Women in management in New Zealand: a study of biographical data, managerial style and sex role self-concept
Permanent link to Research Commons versionhttps://hdl.handle.net/10289/15197
In New Zealand, women form three point nine percent (3.9%) of the managerial population. In considering this overall lack of women in management and accepting that both males and females possess equal potential for developing management expertise, the three areas selected for investigation in this study of one hundred and thirty female managers are biographical information, managerial style and sex role self concept. The biographical information was directed at eliciting life history items pertaining to those areas of development and experience likely to provide predictors of managerial effectiveness. The critical factor is the development of an internalized locus of control, in that the girl who perceives herself as controlling and mastering her adolescent environment is likely to become the woman who succeeds in management.

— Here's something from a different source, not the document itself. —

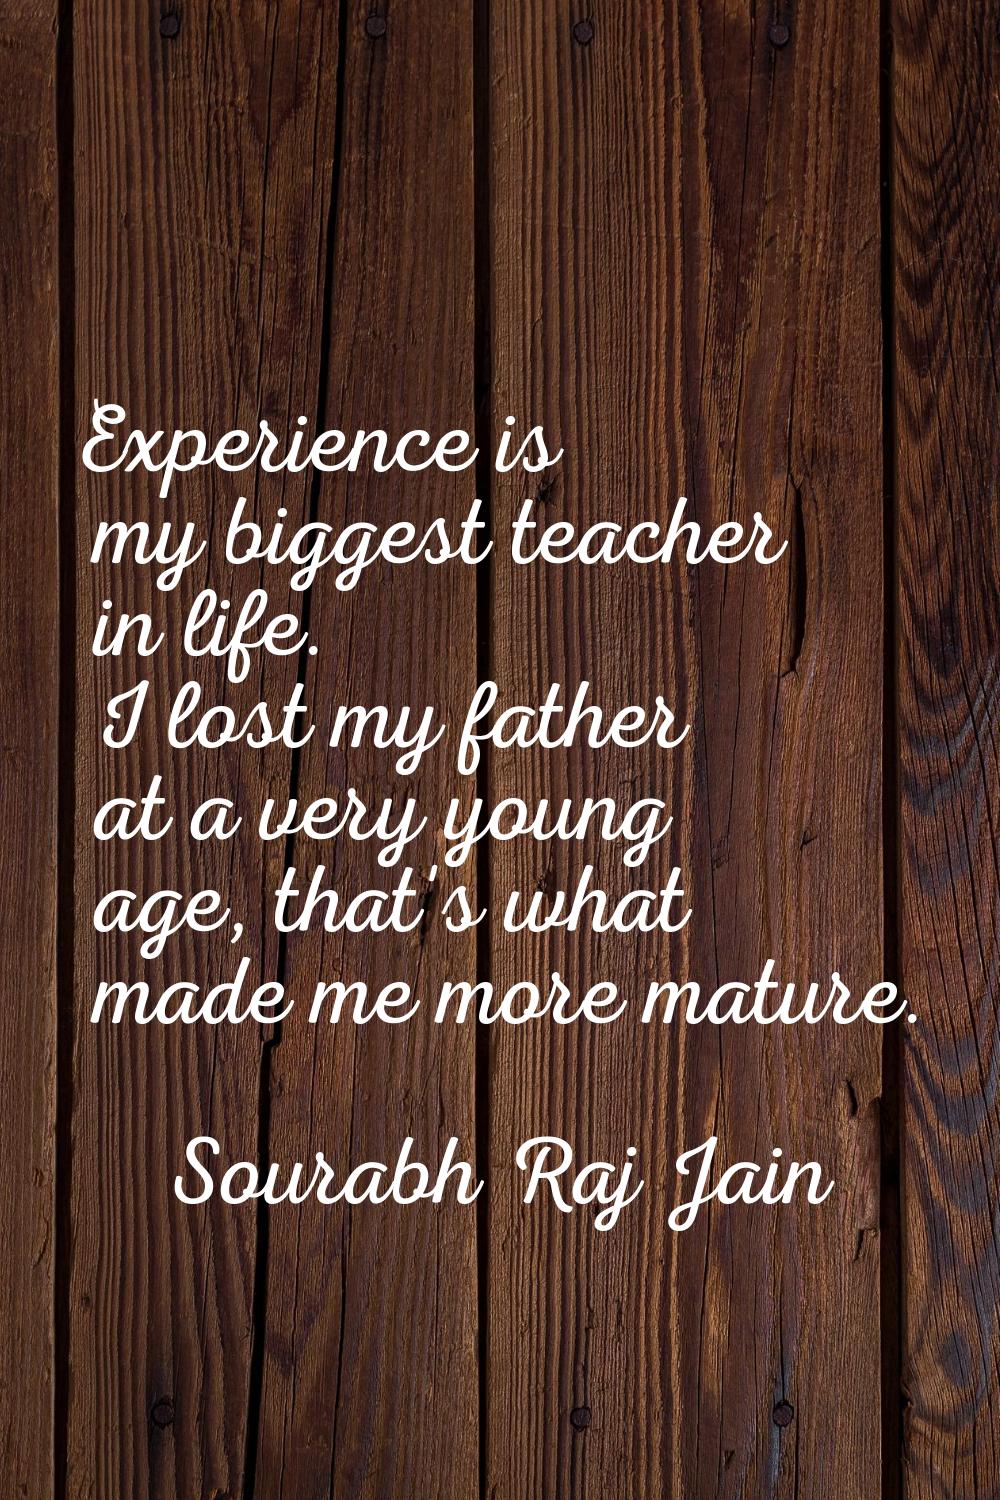 Experience is my biggest teacher in life. I lost my father at a very young age, that's what made me

Across all occupational and managerial function groupings and when managing a female staff, a high relationship - low task managerial style was used by the majority of the women managers, but those women managing men used a high relationship - high task style. This style shift indicated female managers capability of synthesizing managerial style with subordinates expectations. The majority of the women managers in this sample presented an androgynous self-concept, implying a high degree of acceptance of both male and female qualities. While these women accepted their femininity, they also endorsed the assertive action oriented cluster of characteristics stereotypically attributed to males.